6. Example end-to-end workflows¶
- Classification (oil authentication): load spectra (CSV/JCAMP/OPUS) with
foodspec.io.read_spectra→ preprocess (baseline, normalization, PCA) → train SVM/RF →compute_classification_metrics→plot_confusion_matrix/ROC/PR → interpret misclassifications. - Regression (calibration): load spectra → PLS regression →
compute_regression_metrics→ calibration + residual plots → check bias and heteroscedasticity.
For broader workflow context, see oil authentication and calibration/regression example.
PLS and PLS-DA¶
Partial Least Squares (PLS) methods are core chemometric tools for spectroscopy. Use PLS Regression for continuous property calibration (e.g., moisture, quality indices) and PLS-DA for discriminant analysis when classes are correlated with latent spectral factors.
- When to use: calibration/regression tasks and class discrimination with correlated bands.
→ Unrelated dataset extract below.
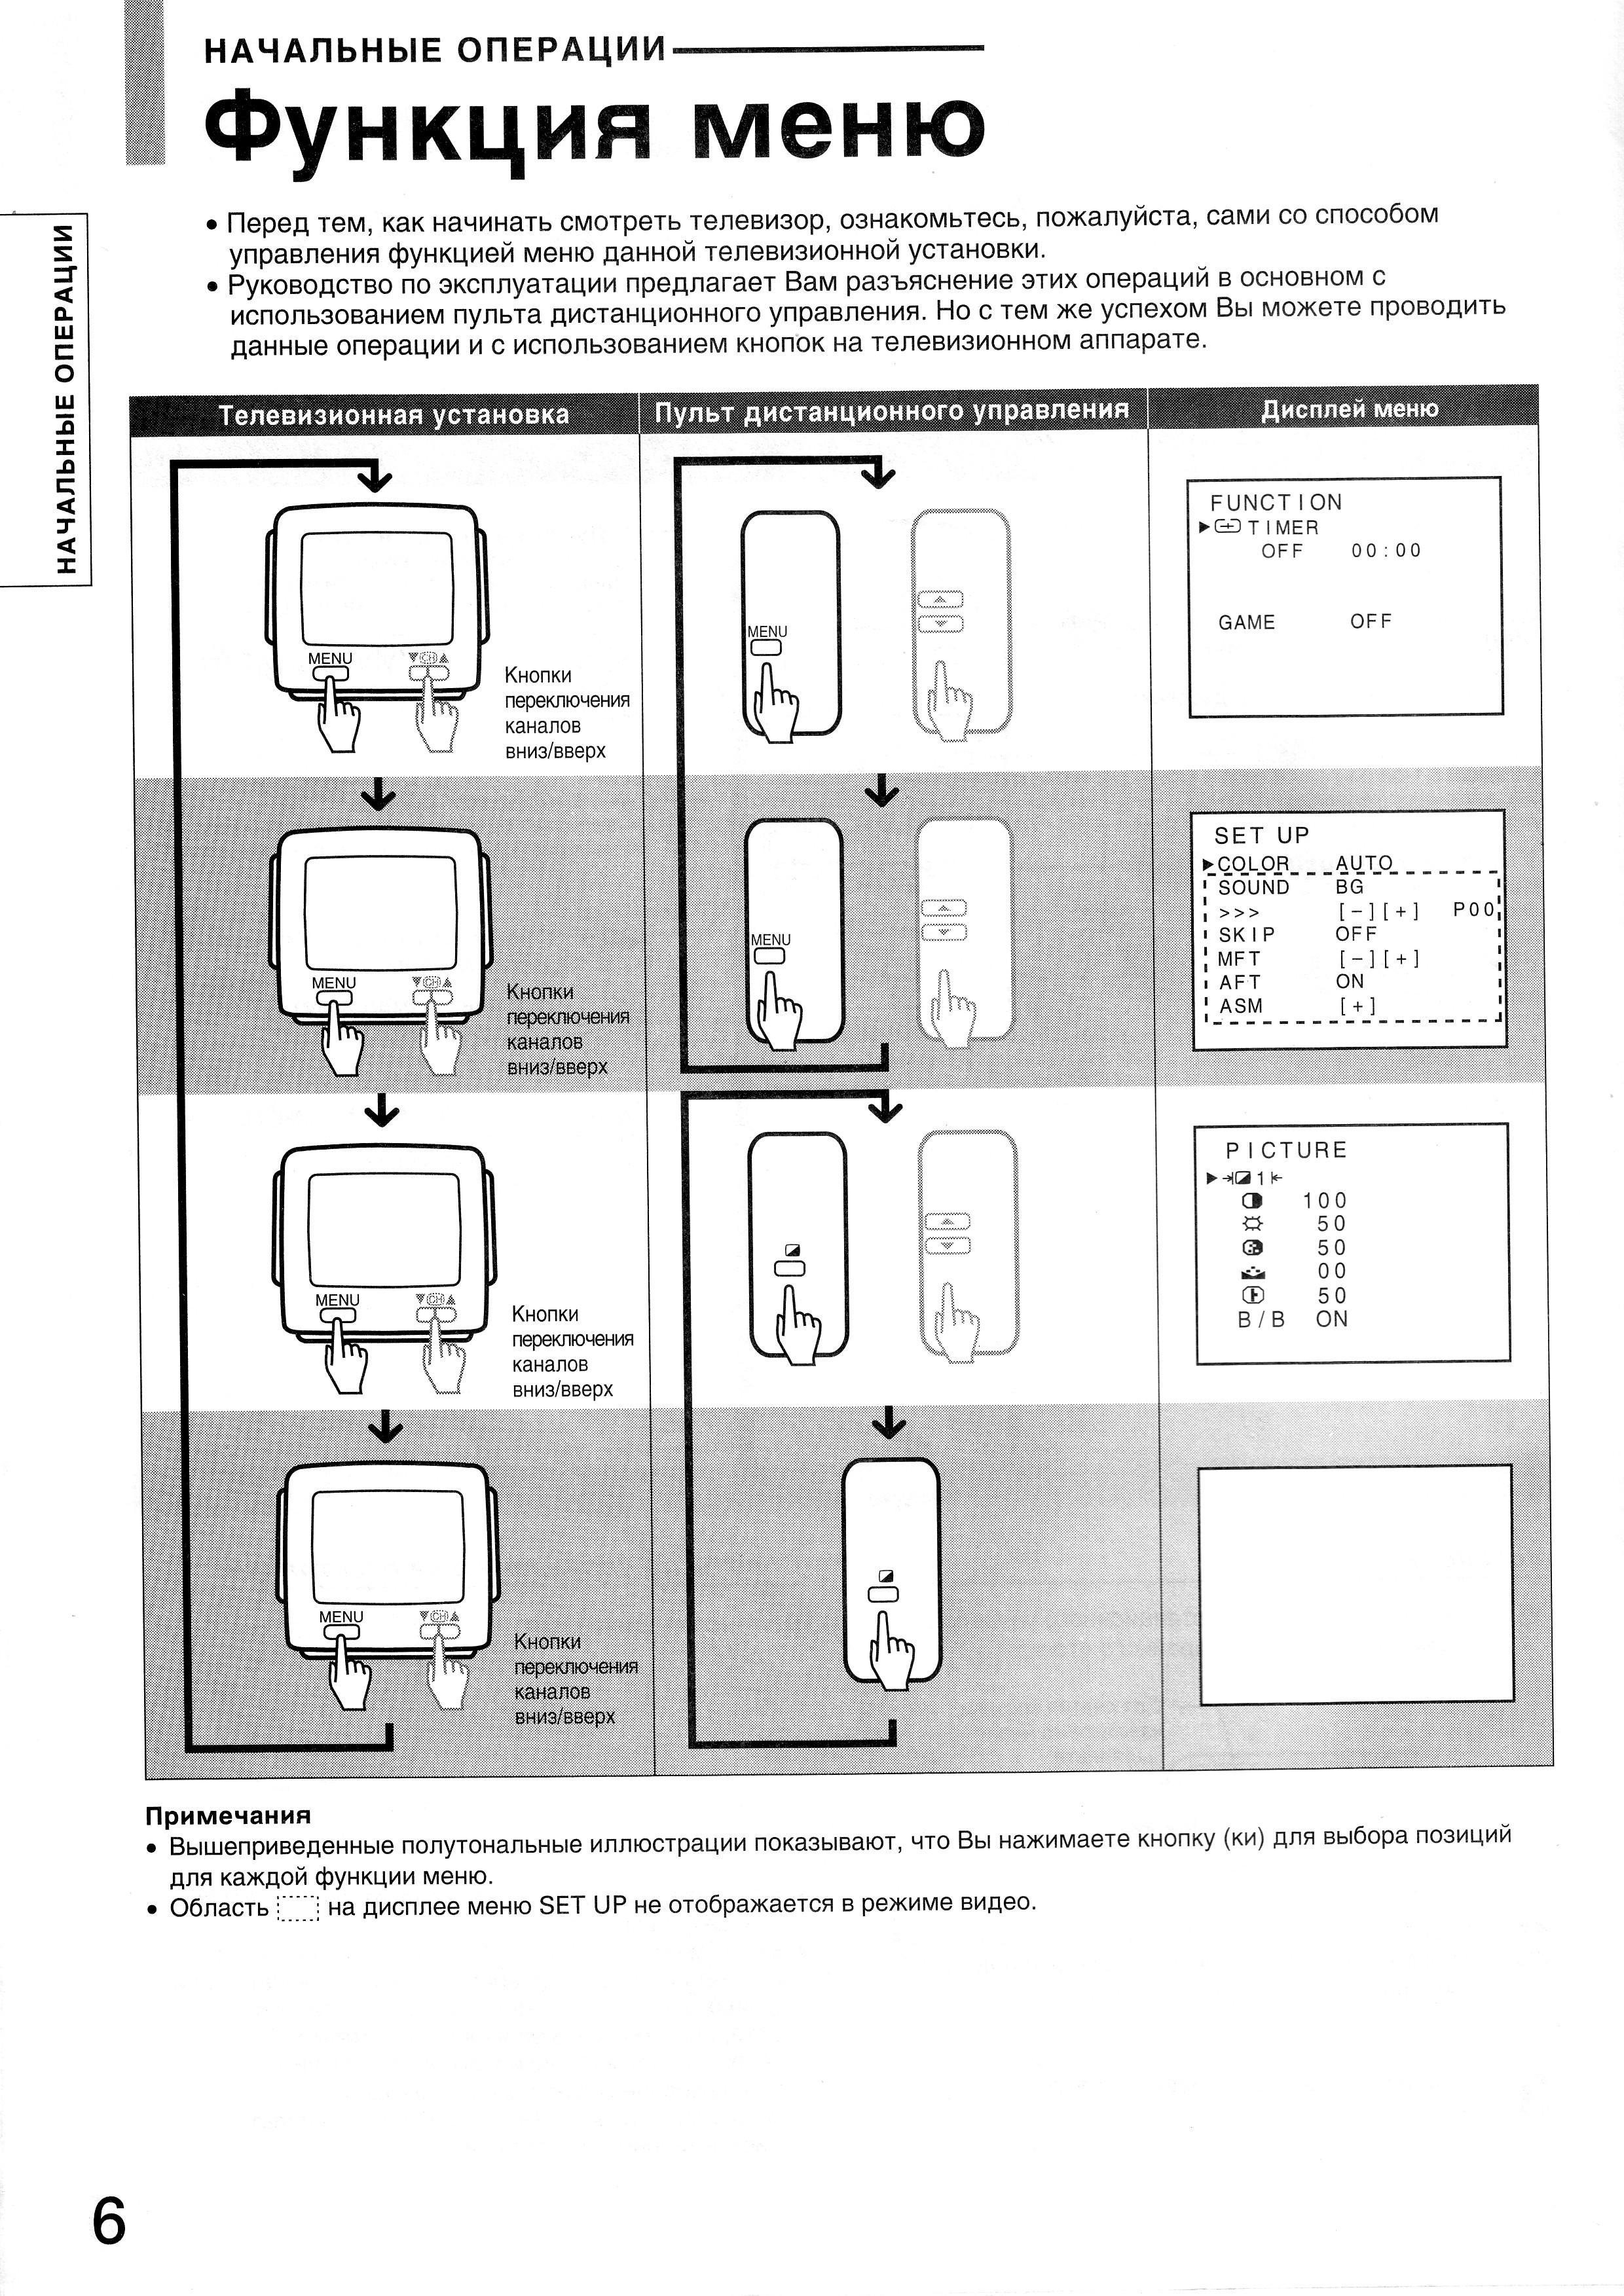 Схема телевизора toshiba 2140rs
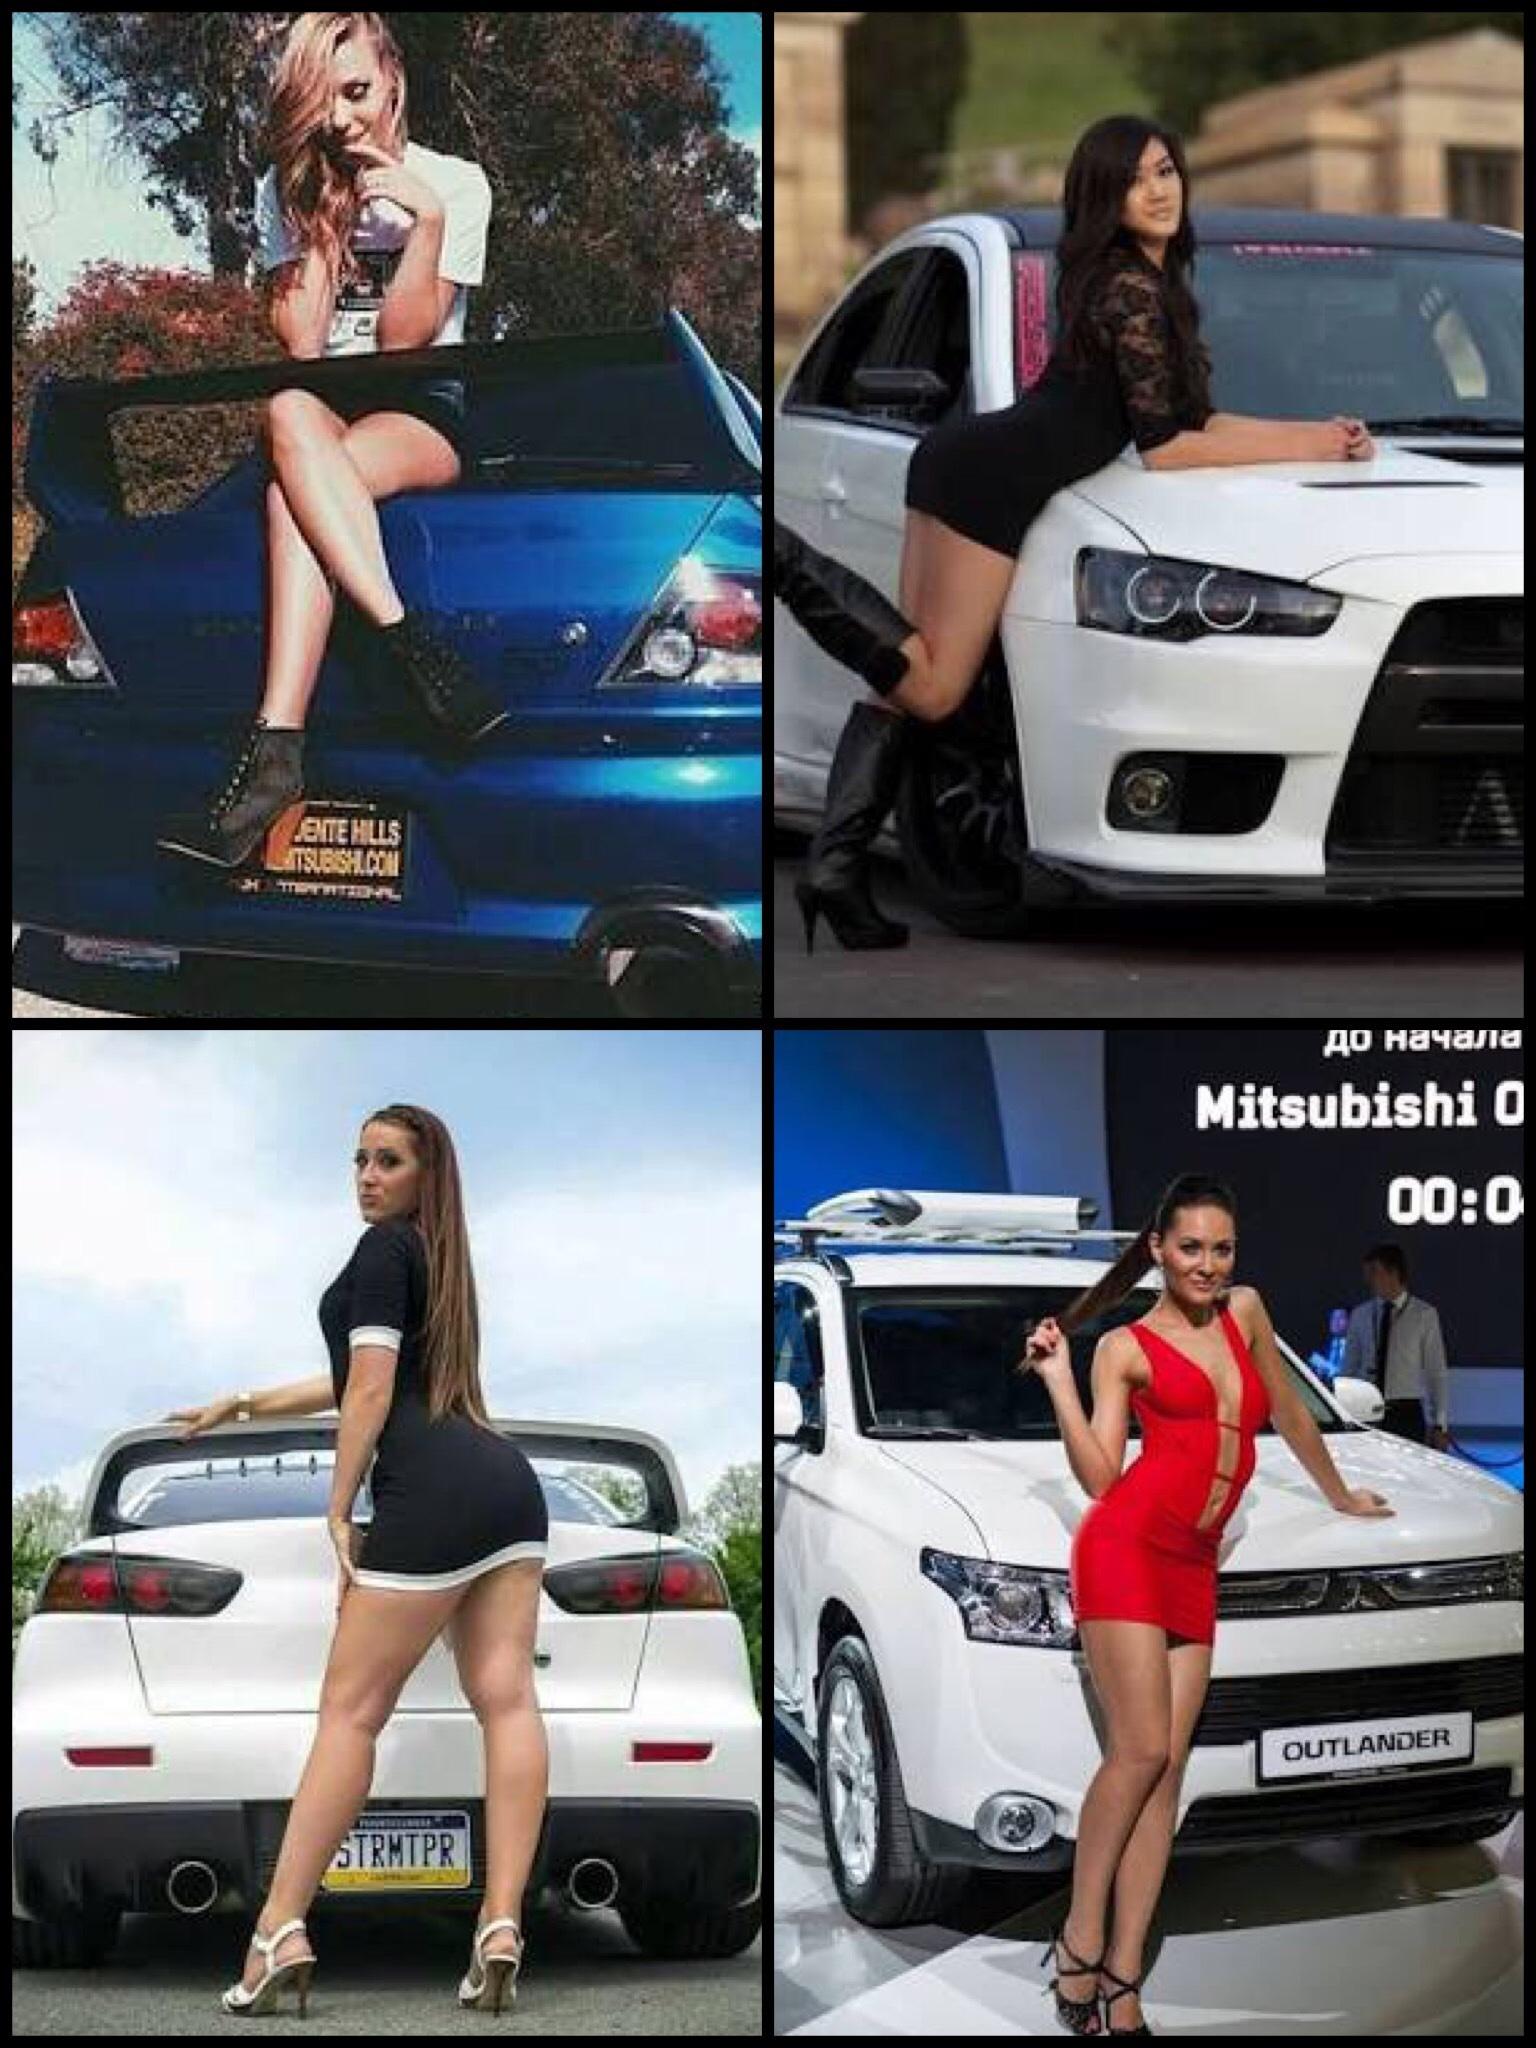 三菱車と美女 女性 Mitsubishi motors & beautiful woman

- How many components: tune via cross-validation; start with 5–10 and adjust based on validation error.
- Implementation:
make_pls_regression(n_components=8)ormake_pls_da(n_components=5).
See also: Model evaluation & validation and PCA & dimensionality reduction.
When Results Cannot Be Trusted¶
⚠️ Red flags for model development and best practices:
- Model selection based on training set performance only (highest training accuracy → choose that model)
- Training metrics inflate; overly complex models fit noise
- Test set performance is ground truth
-
Fix: Use validation/test set or cross-validation; report both training and validation metrics; prefer simpler models if performance similar
-
Hyperparameter tuning with no held-out test set (tune on full data, report metrics on same data)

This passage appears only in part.